The study showed a high level of risky sexual behavior among the participants. Over half of the participants practice pre-marital sex, have multiple sexual partners and do not use condom consistently during sexual intercourse. In addition, about half of the participants share sharp objects with people and about a third of the few married ones among them practice extramarital sex. The practice of these high risk behaviours is not compatible with high knowledge of HIV transmission and prevention exhibited by all the participants. This shows that the participants’ practice of preventive measures is still poor despite very high knowledge about HIV transmission and prevention. Although knowledge about a disease is a prerequisite for change, it has however been demonstrated that high knowledge about AIDS is not a predictor for behavioural change21, 22
Since there is no cure for HIV/AIDS at present, most activities are aimed at reducing HIV transmission. Apart from abstinence, the next most effective preventive measure against HIV/AIDS is use of condom during sexual intercourse. Thus the proportion of sexually active students who do not use condom during sexual intercourse suggest that current strategies are inadequate. Among the students that use condom, a significantly higher percentage of males use condom during sexual intercourse compared to females. This may be because some people especially females are not assertive enough to negotiate condom use with their sexual partners.23
Low risk perception of self-vulnerability was observed among the participants as over half of them think they are not at risk of contracting HIV infection. The acceptance of preventive measures depend largely on the degree to which the target population actually feels that HIV/AIDS is a real threat to them. Majority of those who have low risk perception of self-vulnerability practice risky sexual behaviours such as having multiple sexual partners, not practicing abstinence, not using condom during sexual intercourse than those who have high risk perception of self-vulnerability. Similar findings have been reported by other studies.14, 17, 24 This low risk perception of self-vulnerability to HIV infection is important as it may likely influence the attitude of the participants towards risky sexual behavior and practice of preventive measures.
Conclusions
Awareness and knowledge on certain aspects of HIV/AIDS is very high among the students of Ebonyi state University, south eastern Nigeria. However, despite high knowledge about HIV transmission and prevention, students still engage in high risk sexual behavior such as practicing pre-marital sex, having multiple sexual partners, non use or inconsistent use of condom during sexual intercourse and sharing unsterilized sharp objects. This is probably due to low perception of self-vulnerability to HIV infection among the students.

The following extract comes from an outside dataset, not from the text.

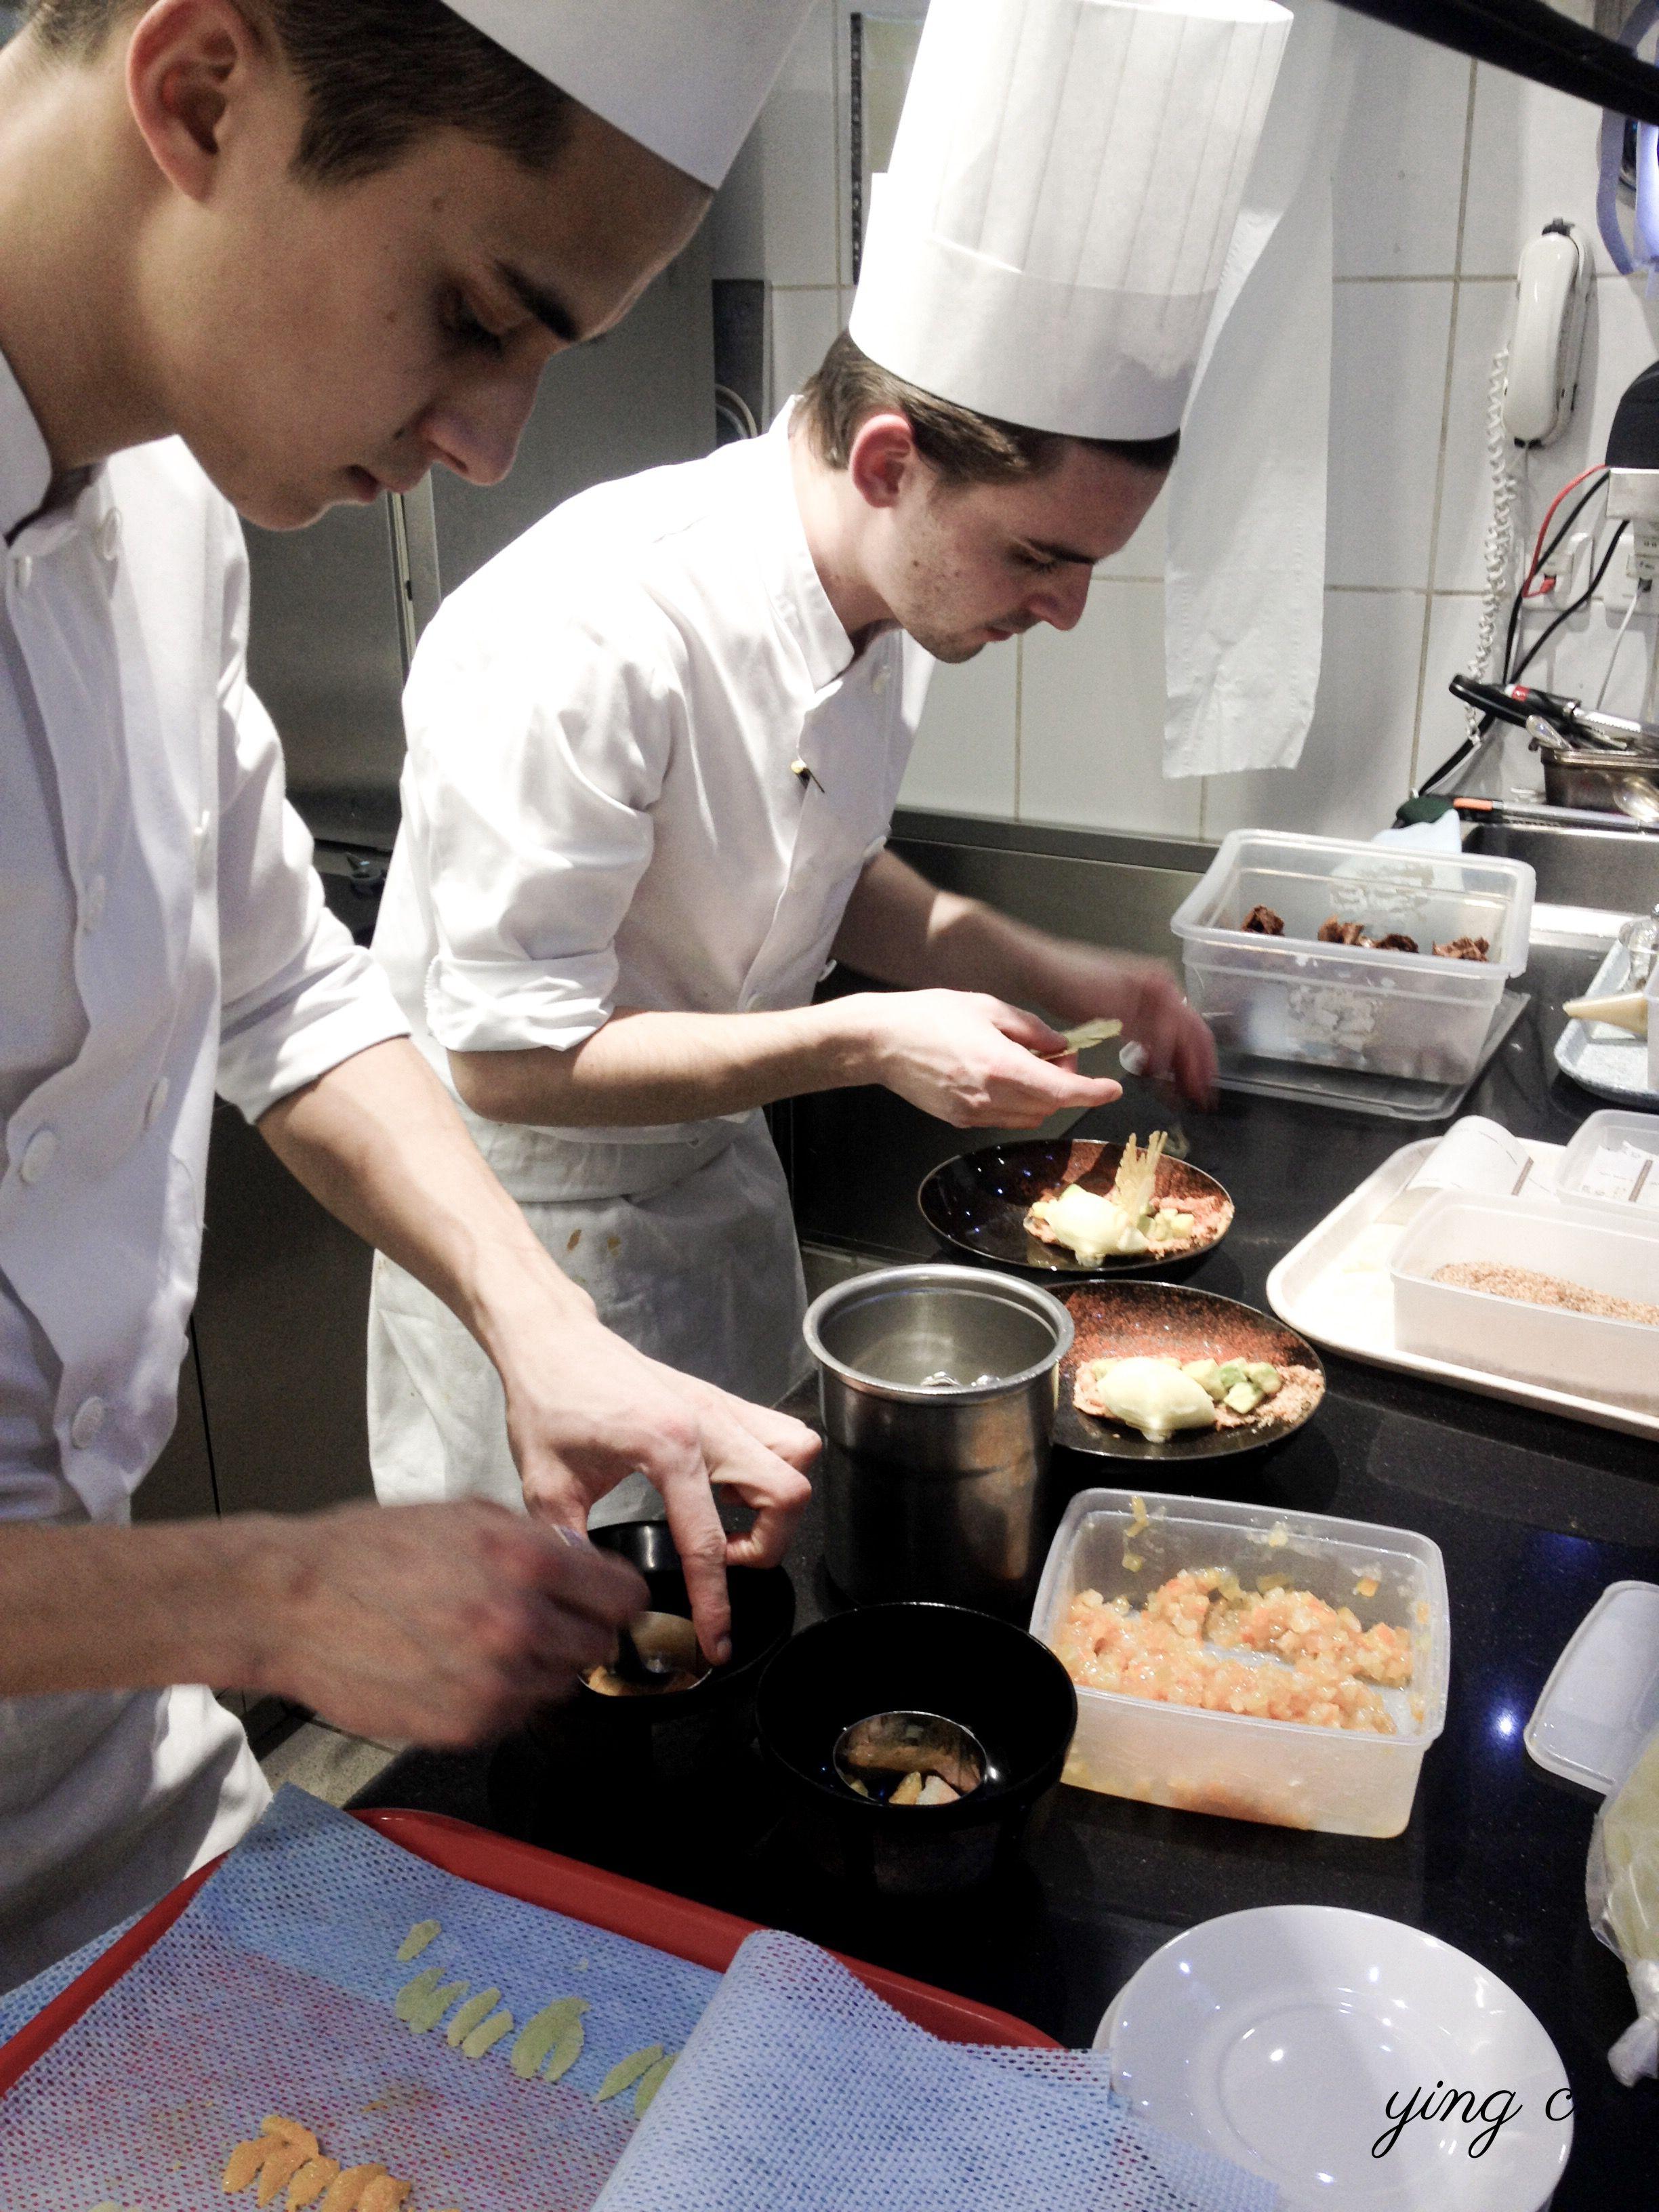 我在  Le Meurice  實習的時候,大部分時間都在「tour」和「Dali」小組,所以在即將結束實習時,當時的副主廚  Maxime Frédéric  特別幫我安排一個晚上去負責  Le Meurice Alain Ducasse  餐廳的「gastro」小組見習,看他們在晚餐期間如何出餐服務。照片中的兩位甜點人,右邊是當時 gastro 的小組長  Thibault ,現在是倫敦  Alain Ducasse at The Dorchester  餐廳的甜點主廚;左邊的  Ariitea  當時還是初階甜點師,現在則是 Le Meurice 的甜點副主廚,也是  Cédric Grolet  主廚團隊中的重要人物,將來會跟著後者一起去  Cédric Grolet Opéra  新店。

Failure to perceive HIV infection as a personal risk has prevented majority of the students from making commitment to sexual behavior change. Health education should therefore be refocused in such a way as to fortify the very high knowledge about HIV transmission and prevention, as well as to change the low perception of self-vulnerability to HIV infection observed among the students. This will help to improve their practice of safe lifestyles and reduce the incidence of HIV infection and death recorded among the youth.
Acknowledgements
The authors wish to thank the management of Ebonyi State University for permission to carry out the study. We are grateful to the concerned Deans and Heads of Departments for their support and assistance in mobilizing the students, and to the students who participated in the study.